Data to use -
★ ★ ★ ★ ★

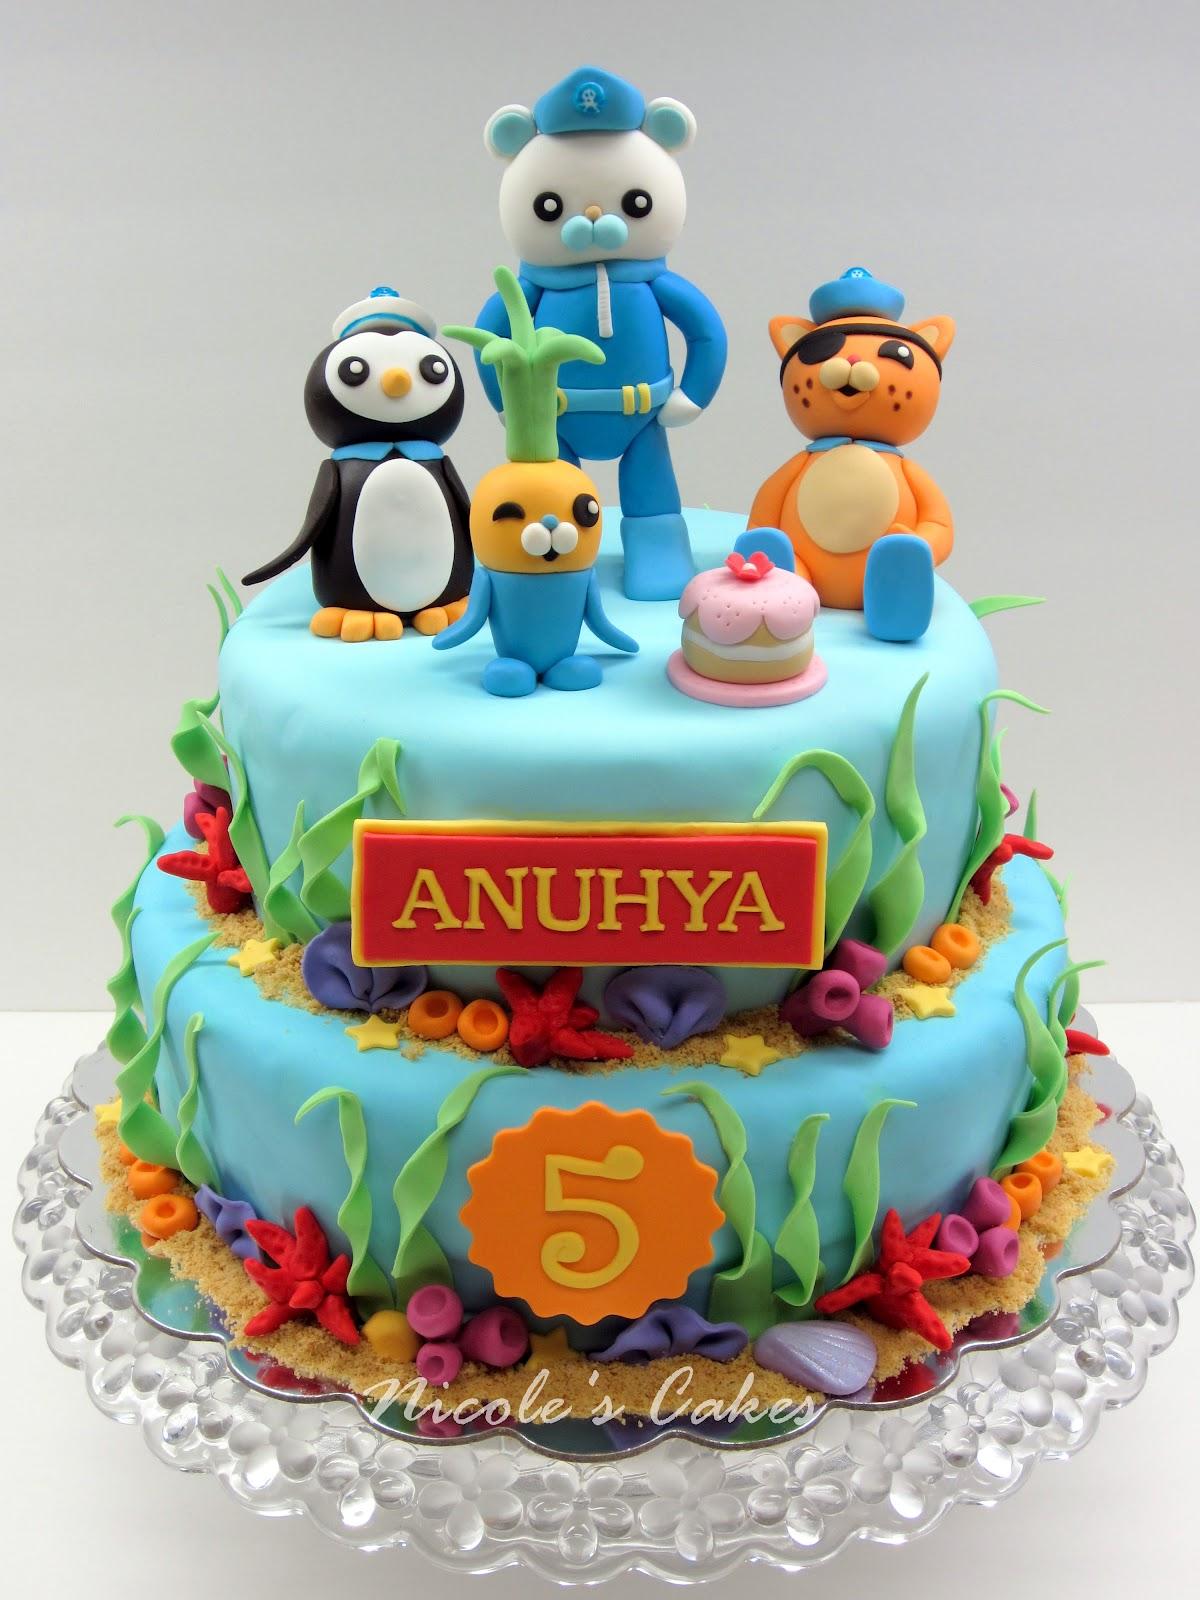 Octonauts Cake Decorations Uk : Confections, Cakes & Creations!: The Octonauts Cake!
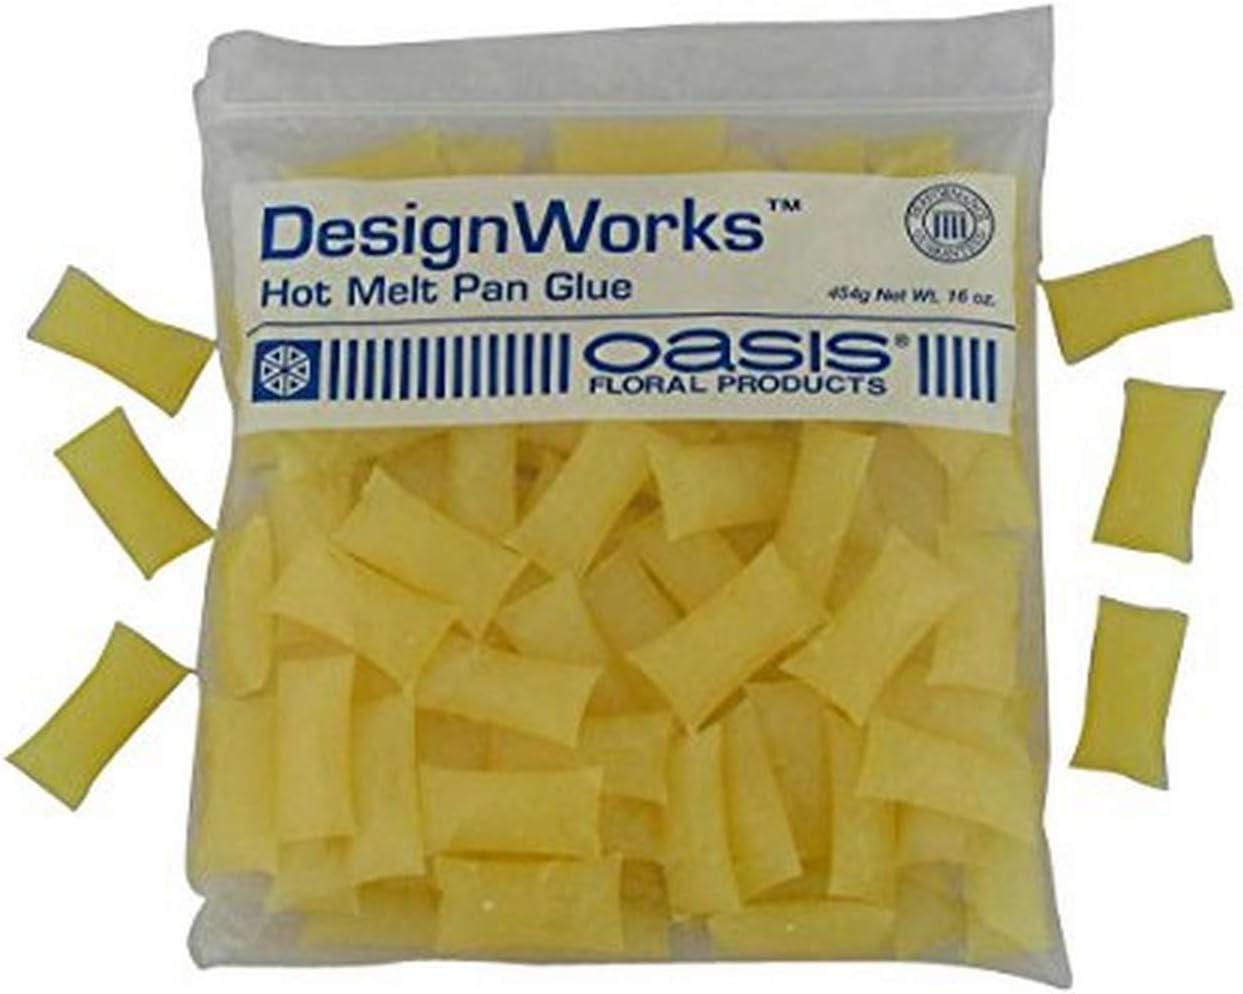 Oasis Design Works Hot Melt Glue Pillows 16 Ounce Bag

★ ★ ★ ★ ★

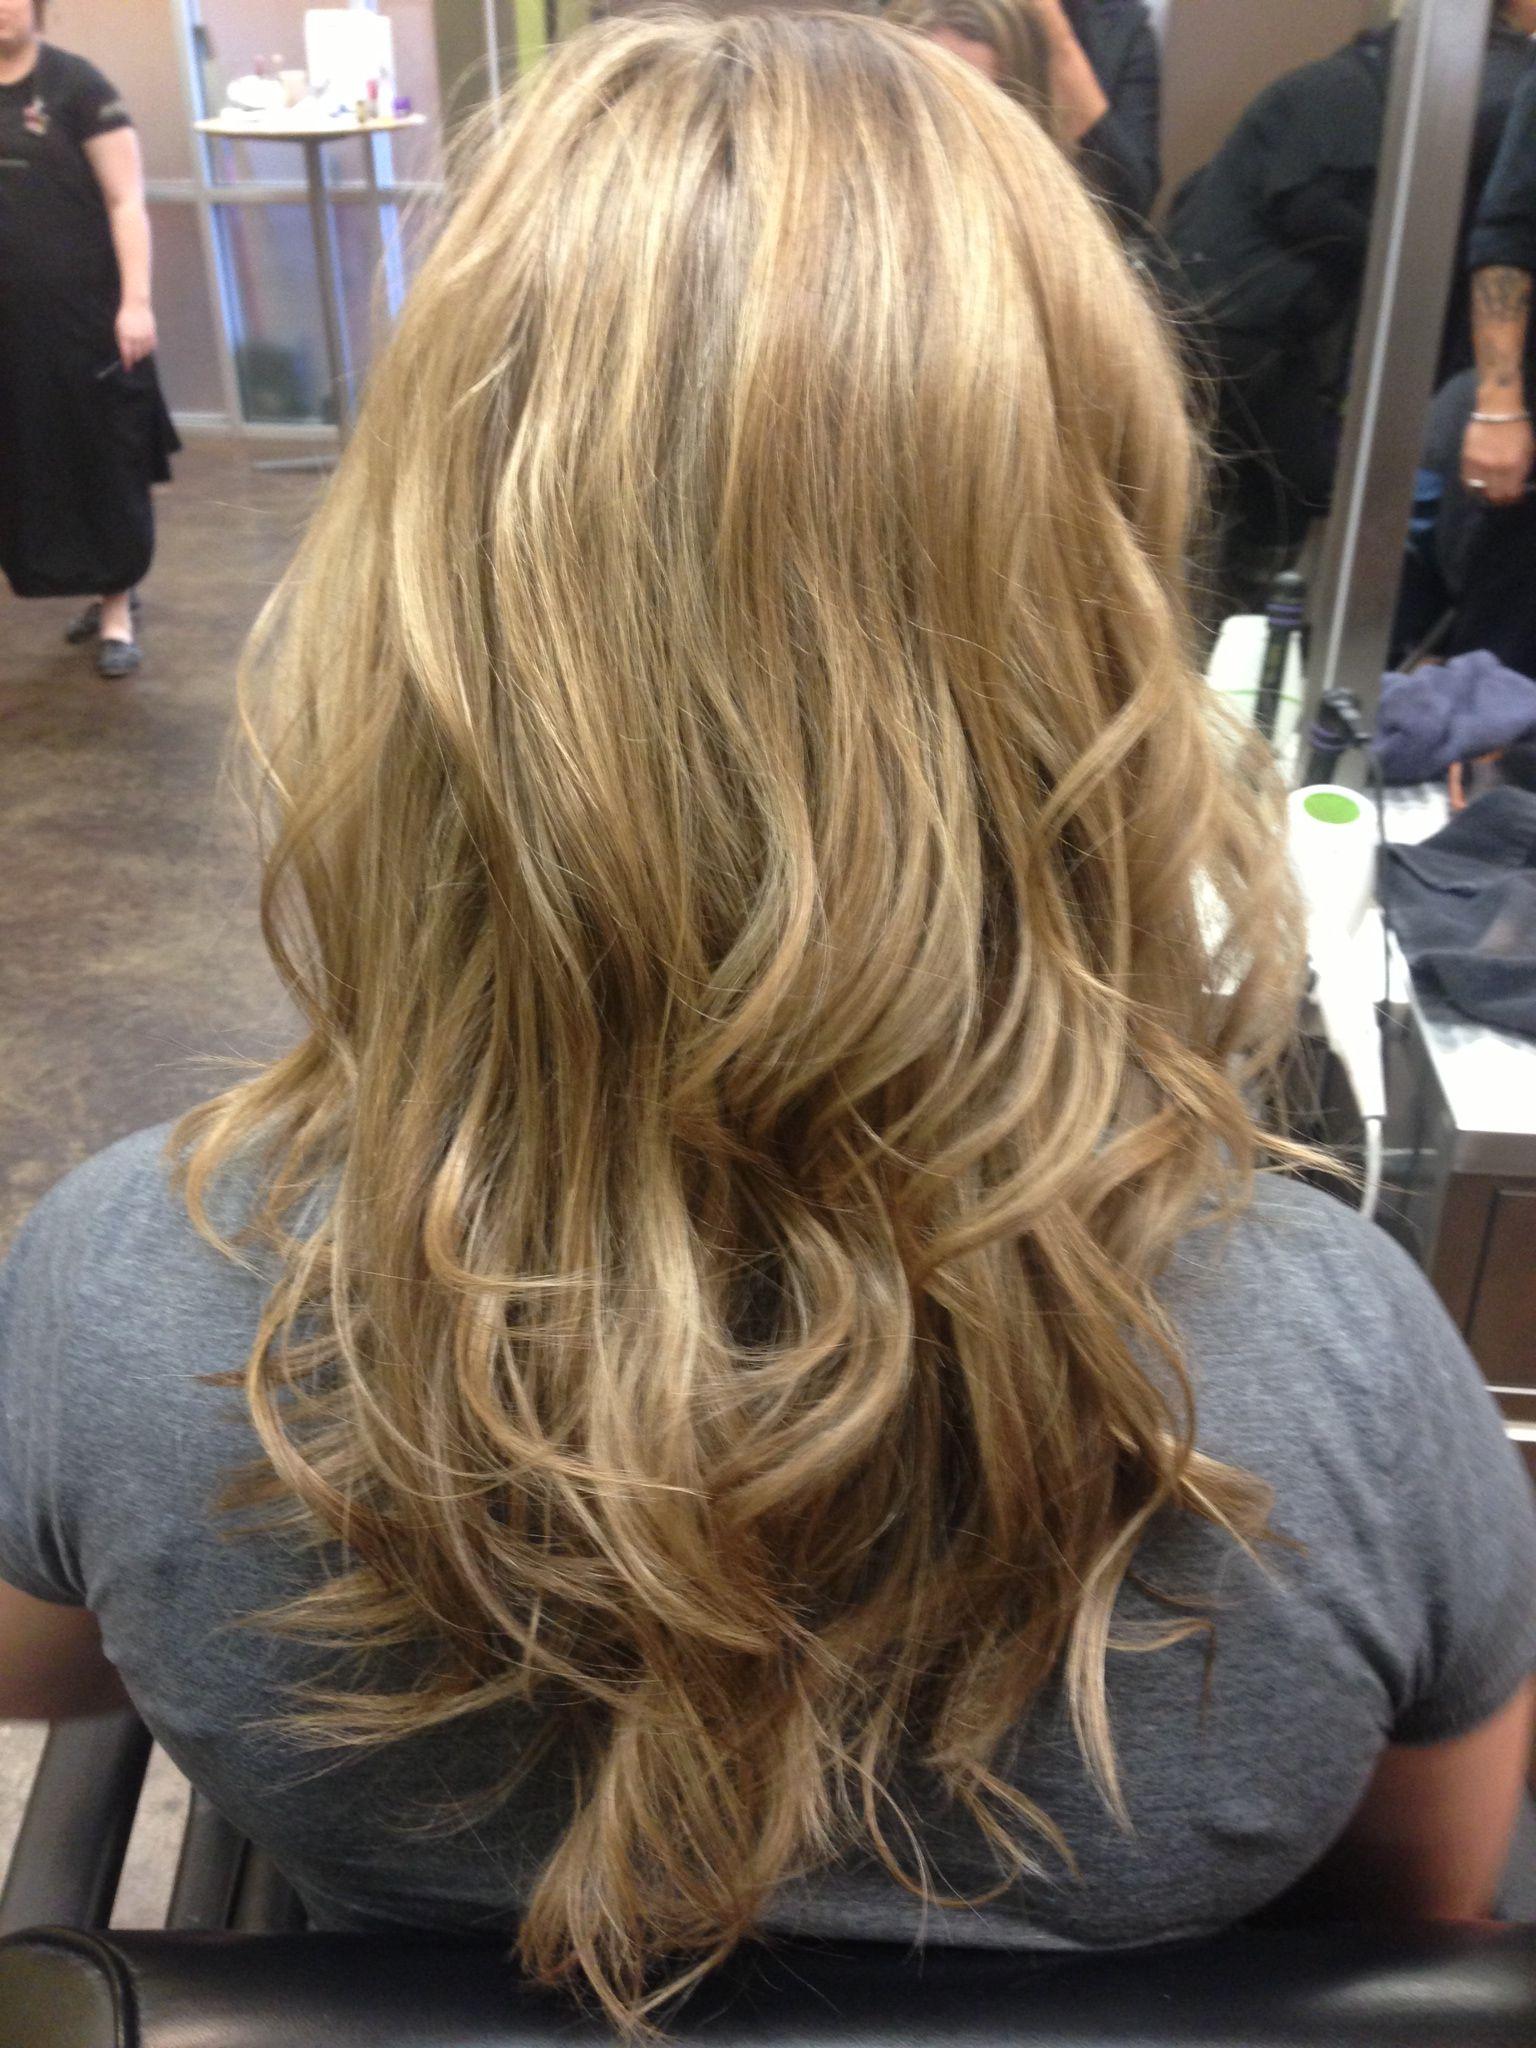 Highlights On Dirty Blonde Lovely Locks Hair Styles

★ ★ ★ ★ ★

Work to complete -
Set down, exactly as written above, each line from the one with "Octonauts Cake Decorations" through the one with "Oasis Design Works", and skip the pictures.

Task output -
 Octonauts Cake Decorations Uk : Confections, Cakes & Creations!: The Octonauts Cake!
 Oasis Design Works Hot Melt Glue Pillows 16 Ounce Bag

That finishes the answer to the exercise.